Я хотела всего. Я хотела своего кузена. Я хотела мистера Холмса. Я поняла, что я девушка, которая получает то, что хочет, но это всегда было сопряжено с печалью, с такими гибельными разрушениями, что моя семья оказалась погребена под развалинами. Я чудом уцелела. Я едва не свалилась в разверзшуюся пропасть вслед за ними. Я едва не потеряла себя.
Но я была слишком эгоистична. Я хотела, как выразился мистер Холмс, слишком многого. Однако мои желания не были сформулированы заранее, я не писала списков и не строила планов. Мы не вольны в своих чувствах. И горе нам всем за это.
Горе Сэму, который никогда не выезжал из Флориды, который так и не увидел мир за ее пределами. У него была жена, у него были дети. У него не было его близнеца. Горе мистеру Холмсу, которого я больше никогда не видела, который наверняка вспоминал обо мне как об утрате, так же, как и я о нем. Горе маме и отцу, которые позволили тому, что я сделала, разрушить их жизни. Больше всех остальных горе Джорджи, чья первая любовь стала последней и кто теперь уже превратился в прах.
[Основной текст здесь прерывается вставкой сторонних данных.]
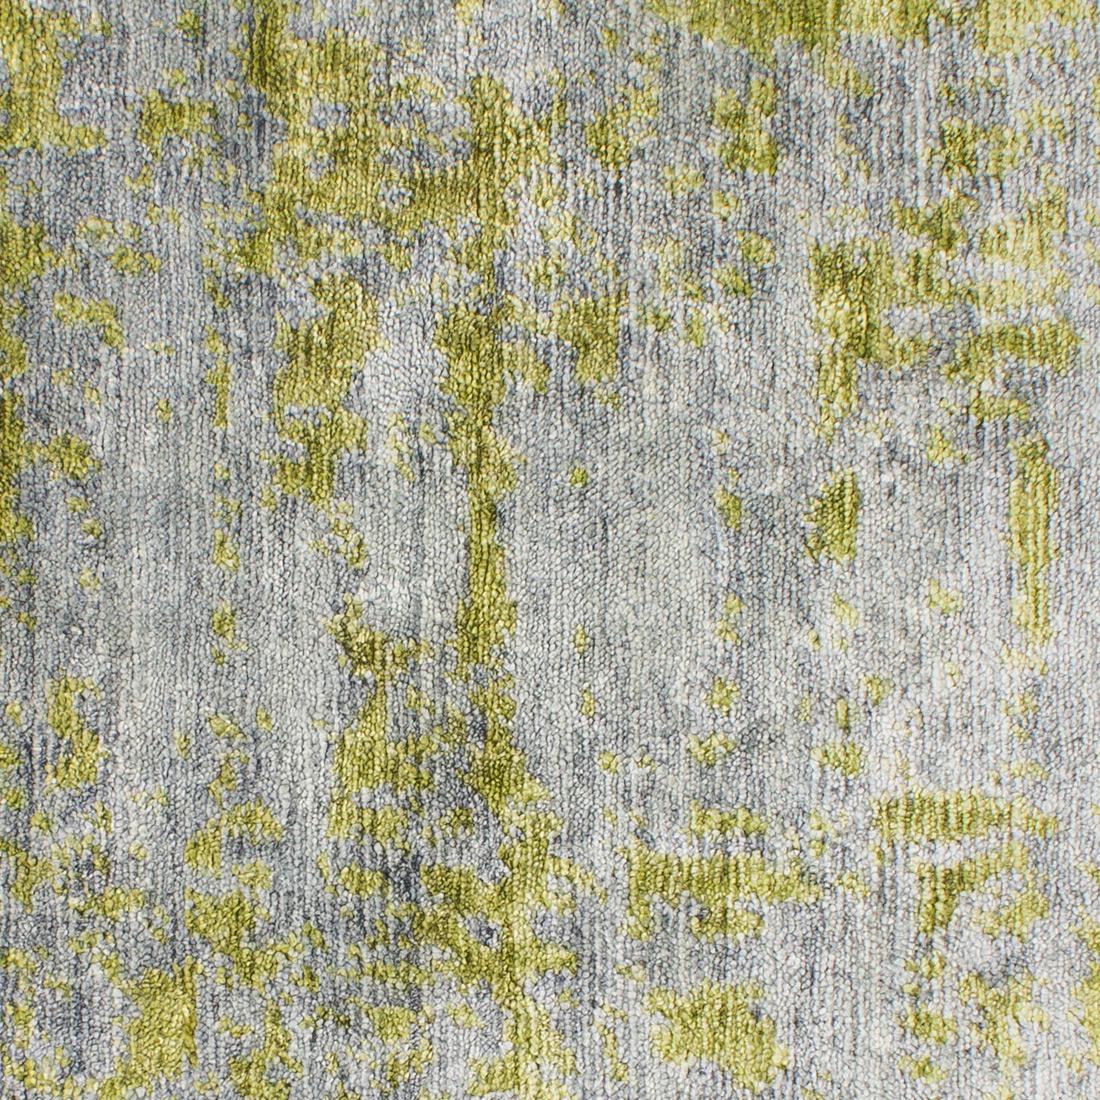 Vloerkleed Xilento Bamboo Grey Green | 170 x 230 cm

Каменное надгробие в Миссури стало единственным свидетельством того, что он когда-то существовал, доказательством того, что он жил и оставил после себя след. Но надгробие – свидетельство лишь того, что он жил, но не того, что он любил. И, возможно, это стало самой главной задачей моей жизни: жить за себя и за него. Видеть то, что он так и не увидел. Делать то, чего он уже не мог.
Горе тебе, Теа? Нет, Генри, возьми свои слова обратно. Я уверена, что он бы так и сделал, если бы наши отношения продолжились. Он наверняка понял бы, что я живу интересной и полной событий жизнью. И что это моя собственная жизнь.
На стене возле двери кабинета мистера Холмса должна была висеть моя фотография, хотя я ее так и не увидела. Я больше никогда не возвращалась ни в Йонахлосси, ни в дом своего детства во Флориде. Возможно, фотография не позволяла ему забыть обо мне. Она всем напоминала о том, что Теодора Атвелл и Наари выиграли Весенний турнир 1931 года. Я с позором покинула лагерь, но все же моя фотография должна была появиться на той стене. Это было традицией.
Послышался шум приближающегося поезда, знакомый тоскливый звук. Женщина, сидевшая рядом со мной, встала, забыв обо мне. Горе нам. Встрепенулось непрошеное воспоминание. Один из бесчисленных дней, которые мы провели вместе, обрушился на меня, подобно водопаду, и ринулся прочь из моей головы, обращаясь в пар. Я вздрогнула и уткнулась лицом в ладони.
Но нет. Я снова подняла голову. Поезд медленно вползал на вокзал, и женщина зашагала в дождь, хотя пройдут долгие минуты, прежде чем ей позволят войти в вагон. Но ей было все равно. Она просто хотела уехать.
Я подумала о своей фотографии в Замке, которую никогда не увидят ни мои родители, ни Сэм.
Но что увидят девочки в будущем, когда будут смотреть на этот снимок, ежедневно приходя в Замок? Они будут пристально в него вглядываться, но не увидят ни цвета моих волос на этой черно-белой фотографии, ни мистера Холмса, оставшегося за кадром. В общем, практически ничего. Перед ними будет всего лишь девочка на лошади, ничем не отличающаяся от множества других девочек.